Happy to hear that! Hope you like this recipe as there are so many different biryani versions. Even I have two more family recipes that seem to be quite different. I am planning to try them out some time soon :o)

Chow and Chatter said...

this looks great what a cute blog you have

Jurate Nair said...

Thanks :o) Loved your blog, I just spent long time surfing it and will be coming back for more! :o)

The Cooking Ninja said...

I have a question: On Step 4, cook the marinated chicken and then add the yogurt. Where does this yogurt comes from? I thought all the yogurt is added to chicken to marinate it.

Jurate Nair said...

Sorry, I was not very clear in my directions. First take out and add only chicken pieces and fry them in the masala, then add yogurt that the chicken pieces were being marintated in along with turmeric powder and salt. No additional yogurt needs to be added.

The Cooking Ninja said...

Thanks for the reply Jurate. Sorry I have another question: in which step should I add in the chopped garlic and ginger n chillies pieces? For me, I take it it is added when cooking the rice. Is this correct? Or it is for the chicken?

Jurate Nair said...

Oops so sorry! It was quite late when I was typing this recipe out, I better read it carefully again!

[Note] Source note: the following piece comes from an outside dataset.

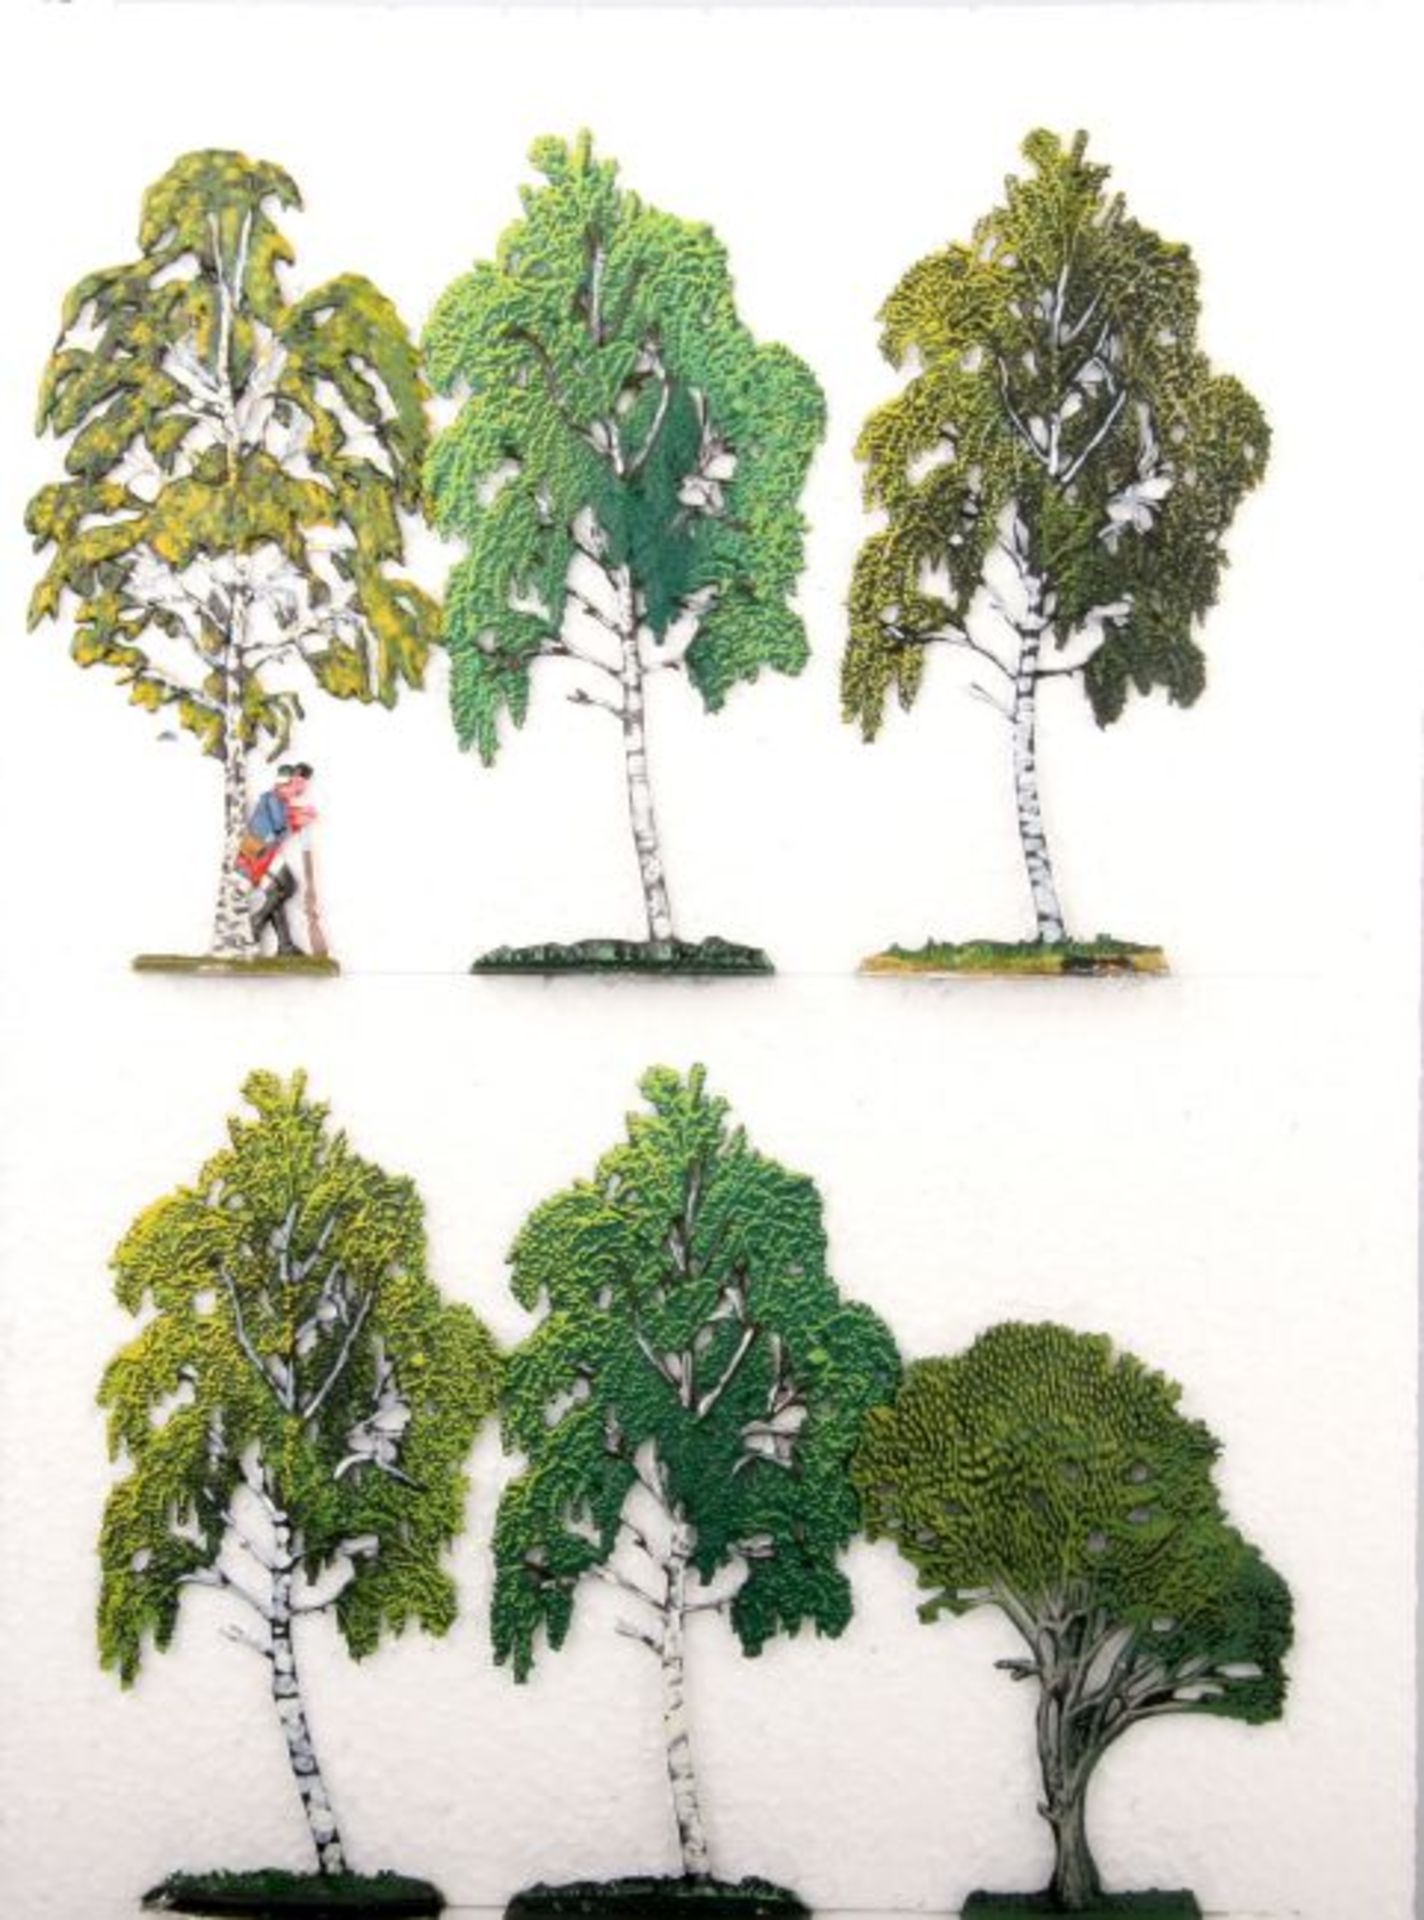 6 Laubbäume Sommer, meist Birken, bei einer preußischer Musketier an Stamm gelehnt, Höhe ca. 9,5-

Garlic, ginger and green chili go after the onion when making when cooking the chicken.

Anonymous said...

thanks, jurate, for the recipe. i finally got my mom's biriyani recipe and made it. it is basically the same, except no cinnamon,mint, cloves . i wonder if there is variation because my family is syrian christian? maybe i can send it to you to try.

nandini

Jurate Nair said...

Hi Wendy, that's right, add the yogurt in which chicken marinated.